To find out, I called a contact I've known for a few years who is an expert in cyber security. He's been one of the people closely watching the Edward Snowden disclosures and the NSA surveillance issue. He obviously asked me not to reveal his identity, so I won't.He told me that this has been going on for over a year and that he believes the phone calls are a vector by which the NSA can install surveillance code onto iPhone devices but only if you answer the phone. Once you answer, a so-called "digital payload" is quickly downloaded to your phone while you are saying "Hello? Hello?"
"The digital payload requires several seconds for a complete download," my contact told me. "If you hang up before the download completes, your device won't be infected [because the code cannot be executed]." The code is carried with the call, I was told, as a parallel digital stream encoded into the call data itself, in much the same way that secret messages can be encoded into JPEG images. Apple deliberately built in this "back door" payload receiving system, a fact which has been confirmed by releases of information from former NSA worker Edward Snowden that show how Apple, Google, Microsoft and other corporations deliberately built in back doors for NSA surveillance.

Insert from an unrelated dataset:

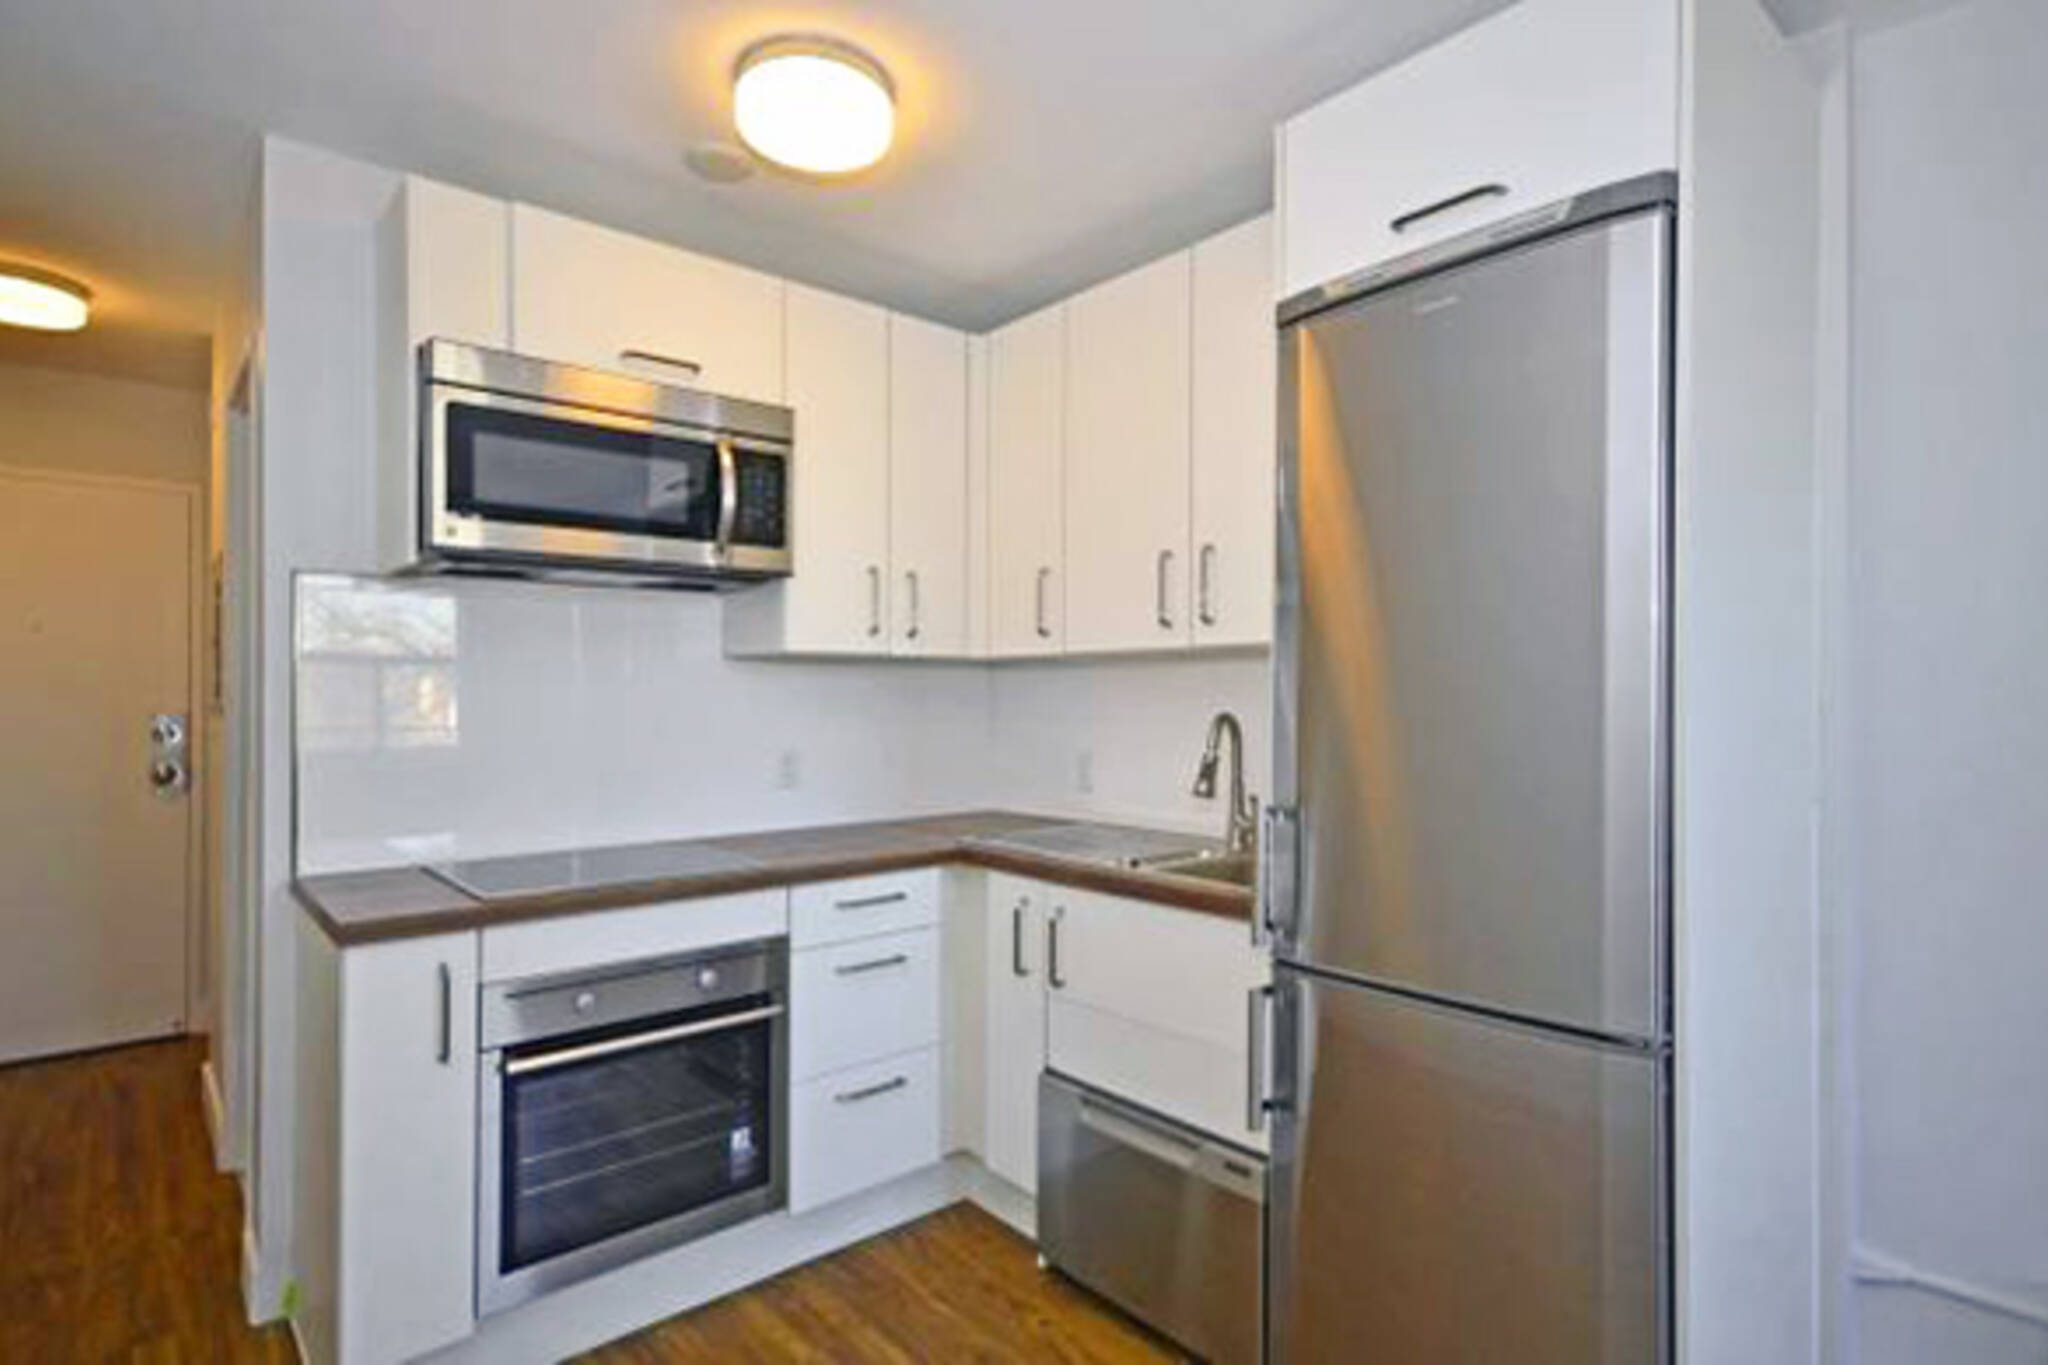 What kind of apartment does $1000 get you in Toronto?

The purpose of this digital payload, I was told, is not known, but it may be Trojan Horse code that attaches "bread crumbs" to your phone calls that allow the NSA to more easily locate, track and archive your phone calls, text messages and mobile web surfing activity.
CNET and others confirm iPhones can be easily hacked
It is not unusual for iPhones to be hacked in ways that allow other users to access all your private details and even bypass your iPhone passwords. CNET, for example, independently confirmed that an iOS 6.1 hack "lets users see your phone app, place calls.""CNET can confirm it works," says the article. It goes on to explain the hack allows others to "access your phone application, listen to your voice mails, and place calls."
iPhoneHacks.com also reports on a hack in iOS 7 that "allows anyone to make a phone call from the lockscreen."
ZDnet also reports that iPhones can be "hacked in 60 seconds," and the article even explains how it's done.
None of these hacks are digital payload hacks installed using phone calls, of course, but they clearly demonstrate the vulnerabilities or back doors built into the iPhone operating system (iOS).
So why are people receiving repeated calls?
If all this is true, it begs the question of why people would be receiving repeated calls from the 865-6696 phone number. When I asked my contact why this would be happening, he answered that, in his belief, this program was a test rollout on the Sprint network only, and that testing was being done to establish human behavior patterns such as answer rates, hold times after answers, and payload install time requirements. This information could then be used to determine whether a more expanded rollout across other phone networks would make sense.Skeptical of all this, I asked why the NSA couldn't just install these surveillance programs in the phones when they are manufactured. Why bother with the complication of digital payloads? He answered that surveillance programs ARE installed at the factory, and that "all iPhones already ship with surveillance code installed," but that older phones such as the iPhone 4 did not have the most up-to-date surveillance code installed and so needed to be remotely updated with the new code via the "digital payload" described in this article.
Personally, I'm not sure if I buy all that, but in an age where the NSA has now had to admit it routinely spies on nearly ALL phone calls of Americans, this scenario is no longer far-fetched. It may, in fact, be routine.